13. The process according to claim 7, wherein the thickeners (IV) are present and are natural organic thickeners, organic modified natural substances, fully organically synthetic thickeners, and inorganic thickeners.

14. The process according to claim 7, wherein aids (V) are present and are antioxidants, light stabilizers, emulsifiers, fillers, plasticizers, pigments, silica sols, aluminum, clay, dispersions, flow enhancers, or thixotropic agents.

15. The process according to claim 7, wherein cosmetic additives (VI) are present and are flavorings and aroma substances, abrasives, dyes, sweeteners, fluoride compounds, or tooth whiteners.

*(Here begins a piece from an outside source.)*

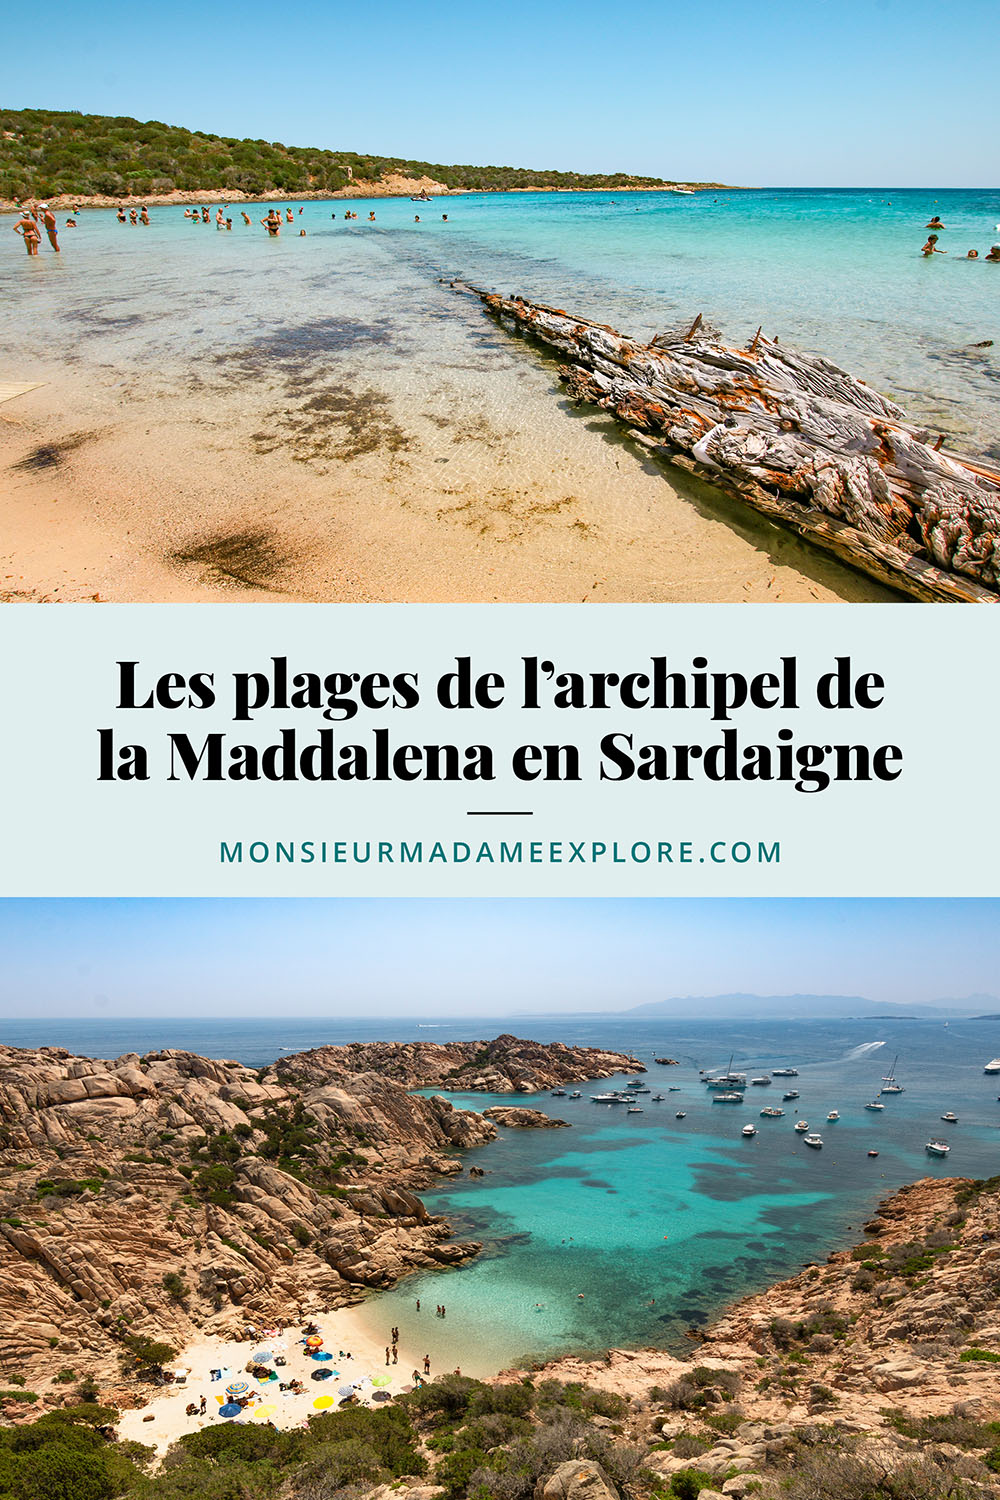 Les plages de l’archipel de la Maddalena en Sardaigne, Monsieur+Madame Explore, Blogue de voyage, Italie / The beaches of the Maddalena archipelago in Sardinia, Italy

16. The process according to claim 7, wherein the foam comprises 80 to 99.8% by weight of the polyurethane-urea (I), 0 to 10% by weight of one or more foam stabilizers (II), 0 to 10% by weight of one or more crosslinkers (III), 0 to 10% by weight of one or more thickeners (IV), 0 to 10% by weight of one or more aids (V), and 0.1 to 20% by weight of one or more cosmetic additives (VI), with the sum being based on the non-volatile fractions of components (I) to (VI), and in which the sum of the individual components (I) to (VI) totals 100% by weight.

17. The process according to claim 7, wherein the foam comprise 80 to 99.5% by weight of the polyurethane-urea (I), 0 to 10% by weight of one or more foam stabilizers (II), 0 to 10% by weight of one or more crosslinkers (III), 0 to 10% by weight of one or more thickeners (IV), 0 to 10% by weight of one or more aids (V), and 0.1 to 15% by weight of one or more cosmetic additives (VI), with the sum being based on the non-volatile fractions of components (I) to (VI), and in which the sum of the individual components (I) to (VI) totals 100% by weight.

18. The process according to claim 7, wherein the foam comprise 80 to 99.5% by weight of the polyurethane-urea (I), 0 to 10% by weight of one or more foam stabilizers (II), 0.1 to 10% by weight of one or more crosslinkers (III), 0.1 to 10% by weight of one or more thickeners (IV), 0.1 to 10% by weight of one or more aids (V), and 0.1 to 15% by weight of one or more cosmetic additives (VI), with the sum being based on the non-volatile fractions of components (I) to (VI), and in which the sum of the individual components (I) to (VI) totals 100% by weight.

19. The process according to claim 1, wherein the foam has a thickness of 1 mm to 100 mm.

20. The process according to claim 1, wherein the foam has a thickness of 1 mm to 50 mm.